Harmony walked away from Lance’s trailer feeling like a roadside discard. Her eyes stung and her nose filled up from holding in the tears. This was the most alone she ever felt and, as she opened the door to her cluttered trailer, she calculated her options: live tortured or die.
The place stunk of urine, kerosene, and vomit.
The floor was only clear where the medics had worked on her mother.
“No one should live like this.” She ripped off the bandages that Adam dressed her cuts with and picked the fresh scabs until they bled.

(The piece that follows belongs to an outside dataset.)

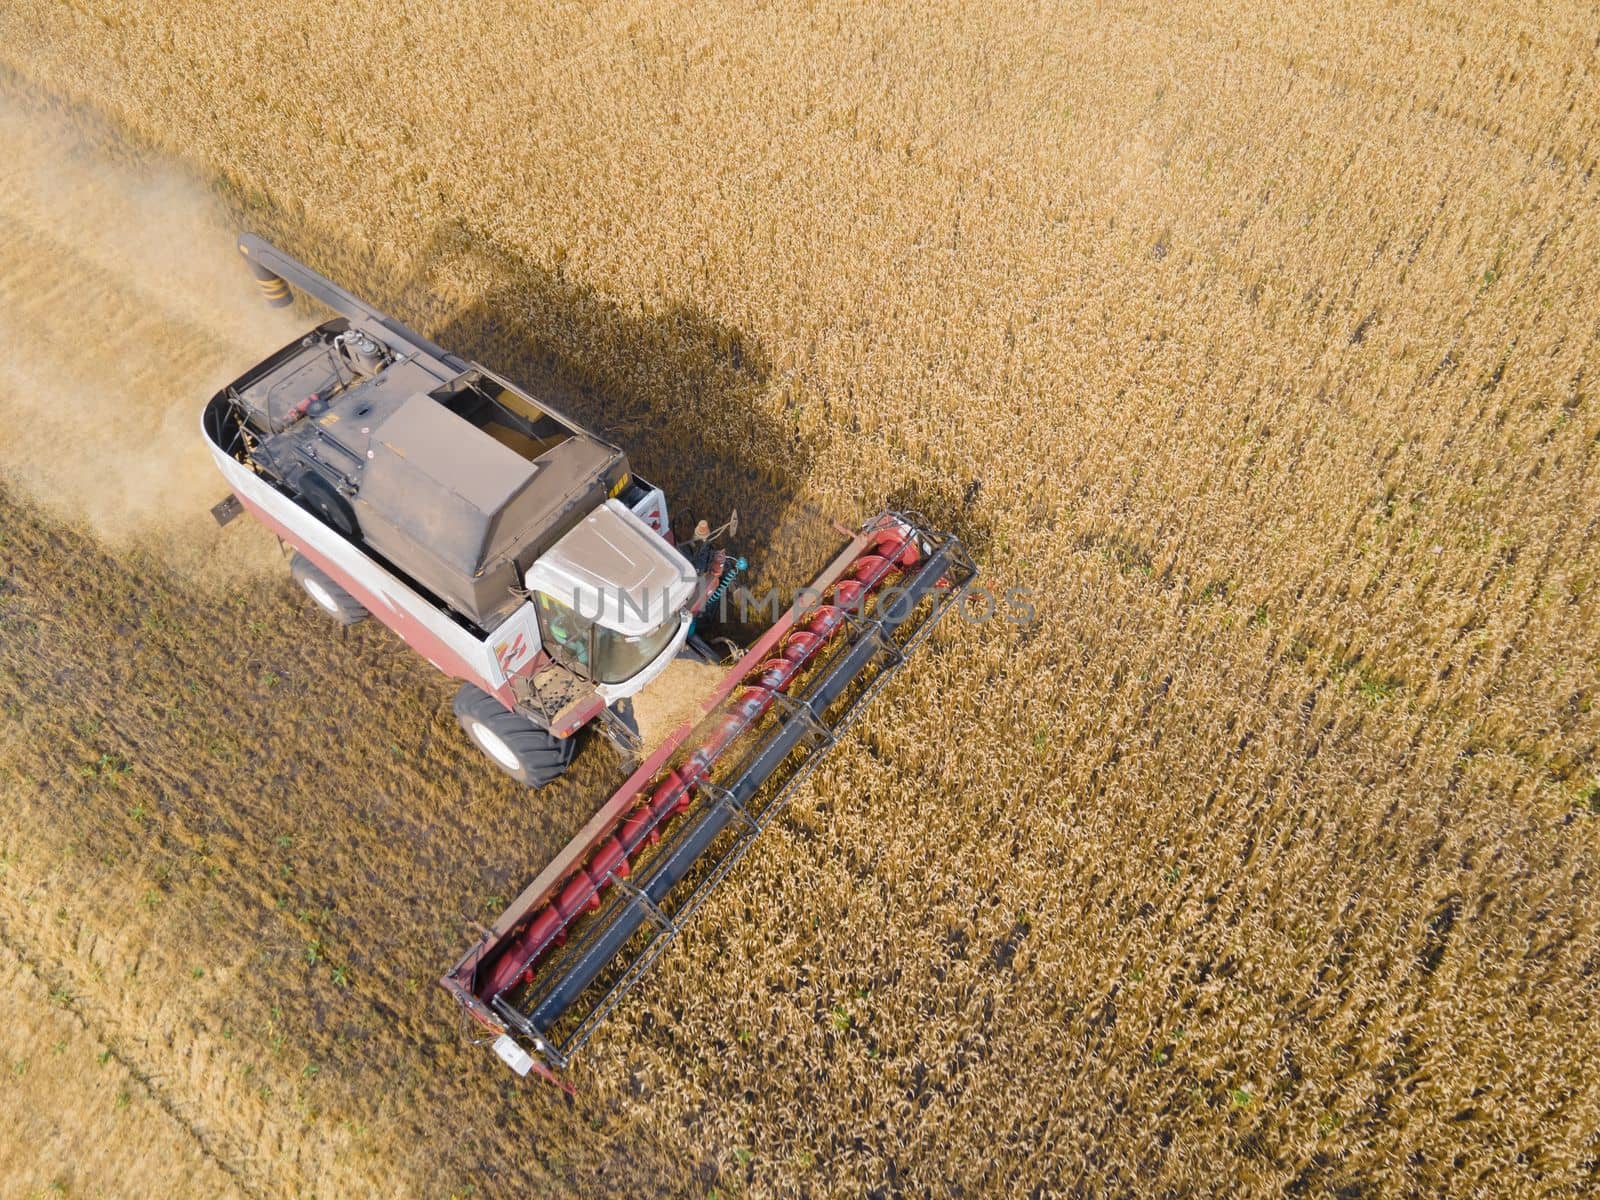 Combines mow wheat in the field.Agro-industry.Combine Harvester Cutting on wheat field.Machine harvest wheat.Harvesting of grain crops.Harvesting wheat,oats and barley in fields,ranches and farmlands

“You’ve been waiting for this, Tom. You want me, take me.” She dug her nails into the edge of the deepest cut, but the barely healed scab wouldn’t budge. “You want to see me hurt myself? Is that it?” She took a dull knife from the cluttered kitchen drawer and tore it through the scab, clenching her teeth to keep from screaming. “I know you’re here. What are you waiting for?” The blood gushed down her forearm and Tom’s presence tightened around her like a blood pressure cuff. “Ah, there you are.”
The heaviness let up and she lost her balance.
“Where’d you go, my friend? What’s wrong, don’t you want to help me.”
A shadow moved in the darkness—gray on black and barely visible—and something flickered in the only framed picture of her and her mother; the one of them blowing bubbles outside when she was two-years-old. Someone she’d never noticed appeared in its background. She picked up the frame for a closer look.
A cool breeze blew across the back of her neck and the picture started to change. The faces in the picture went pale and thin and a greenish hue washed over them, growing progressively darker and more gruesome until decay and rot boiled them to bones.